DMA timing generator 371 also receives port HACKB signal 3714, which is DMAtlIltII.
This is an initial procedure signal for a port request 83715 between the device 5 and the host 1. The DMA timing generator 371 then outputs the HPGP 241, HPINC 251, DPOU
T261, DPING271, GPL281, CPDP
301, CPINC311, ALE321, 81EB3
716, 80EB3717, LOI3718, BWEB
3719 and a port request 83715 as well as a direction control signal.

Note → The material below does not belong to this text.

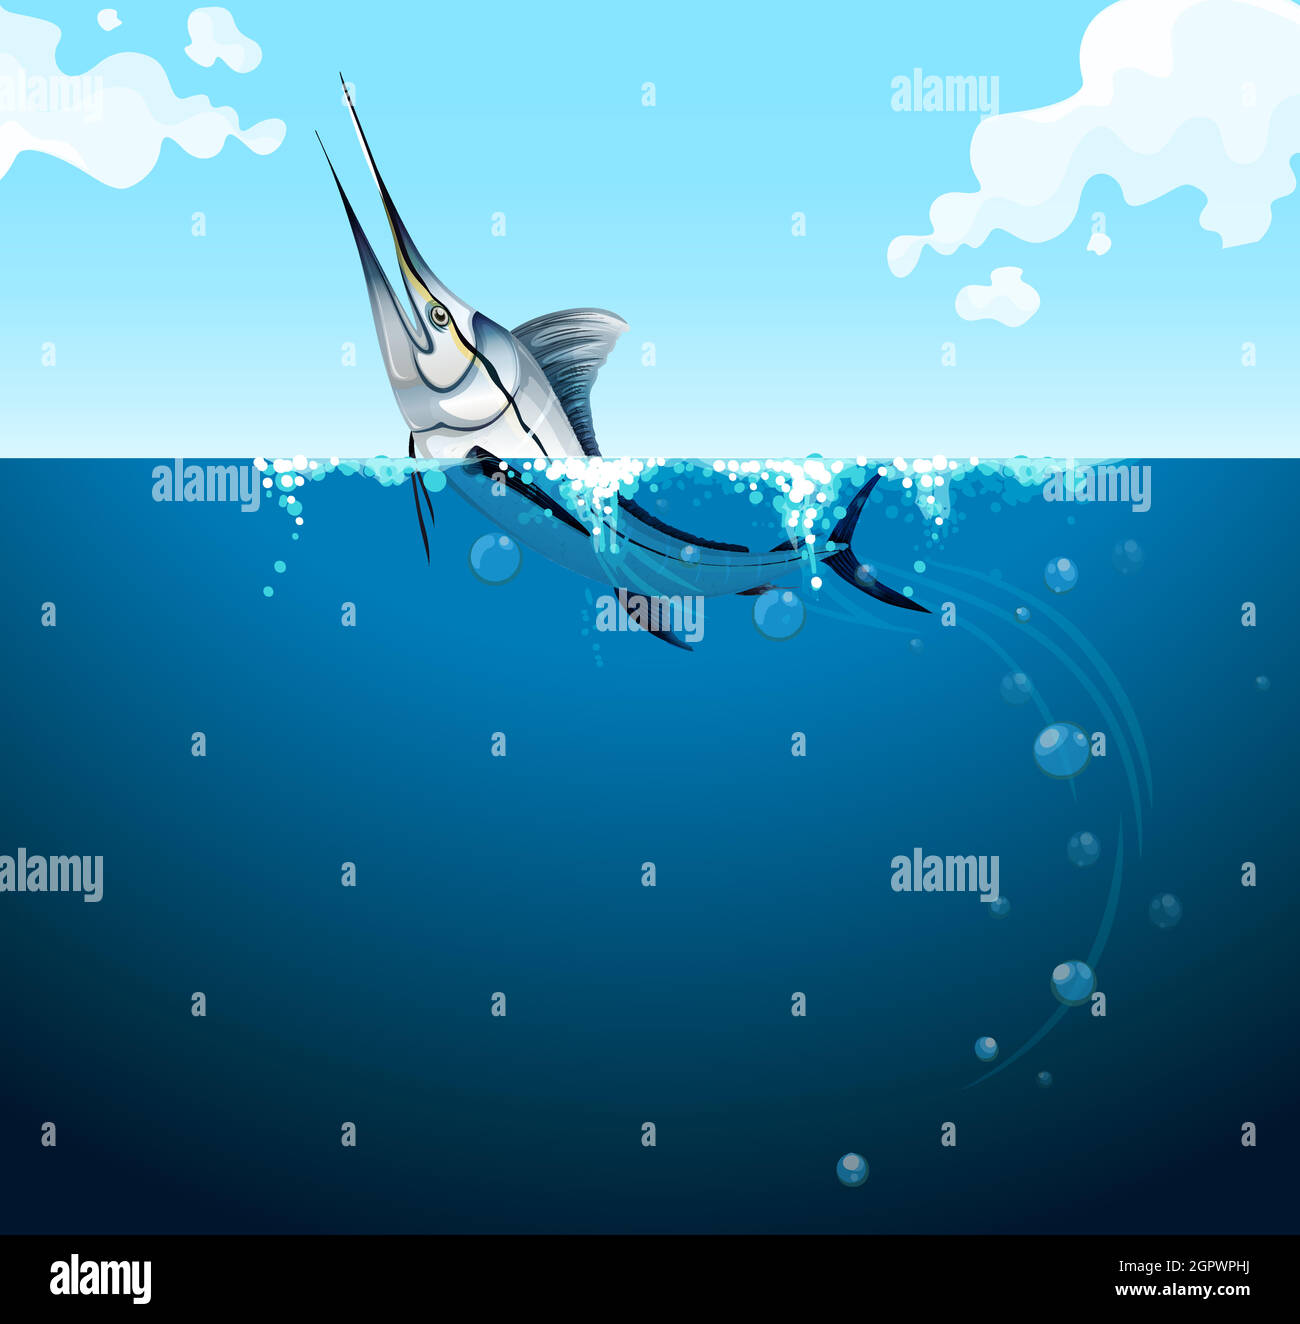 Swordfish swimming in the ocean Stock Vector
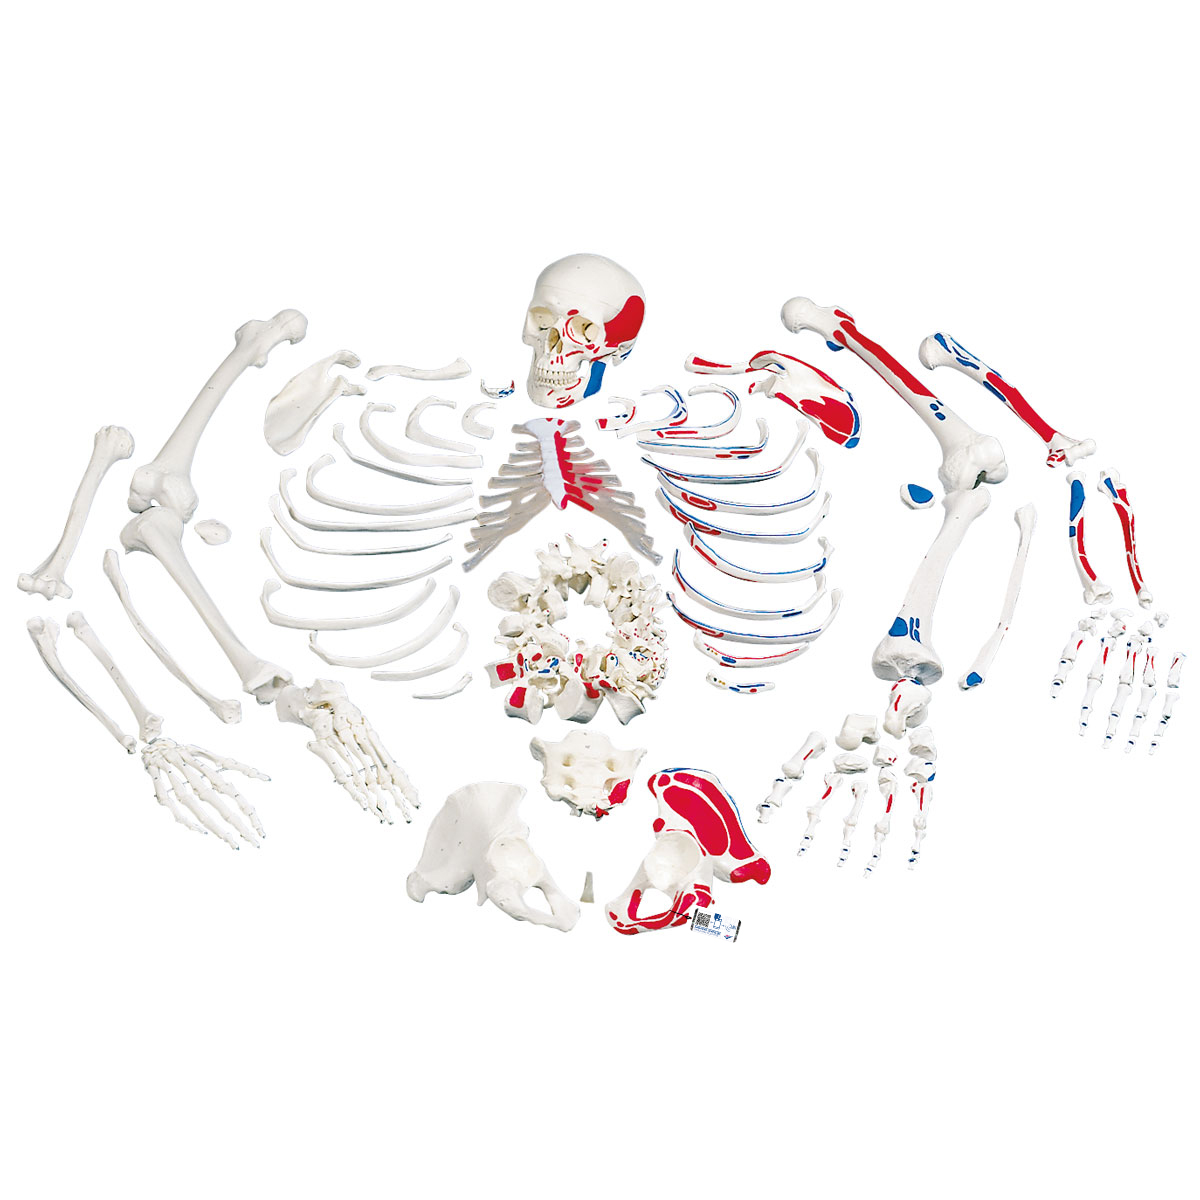 Unmontiertes Skelett Modell mit Muskeldarstellung, Knochen von Hand & Fuß auf Draht, lebensgroß - 3B Smart Anatomy, Bestellnummer 1020158, A05/2, 3B Scientific

Cycles and directions! The various timing and ill control signals described above that are received and generated by the 11tll generator 37 (or timing generator 371) are shown in FIGS. 7a-7n, of which FIGS. 7th
Figure d represents the received signal.

The various timing and tI signals received or generated by the cycle and direction controller 37 and which directly affect disk read and write operations.
The Il control signals are shown in FIGS. 8a to 80, of which FIGS. 8b to 8i are used during a disk write operation (H
FIGS. 8j to 8o show what is obtained when TD=1), and FIGS. 8j to 8o show what is obtained when TD=0.

In order to correlate the timing of FIGS. 7, 8 and 9 to one U, they each include a timing diagram for clock signal XC (i.e. FIG. 7b, FIG. 8a and FIG. 9a). I'm here.

The operation of DMA IIIll Iller 5 is based on an internal DMA clock generated from the DMACLK1 signal mentioned above.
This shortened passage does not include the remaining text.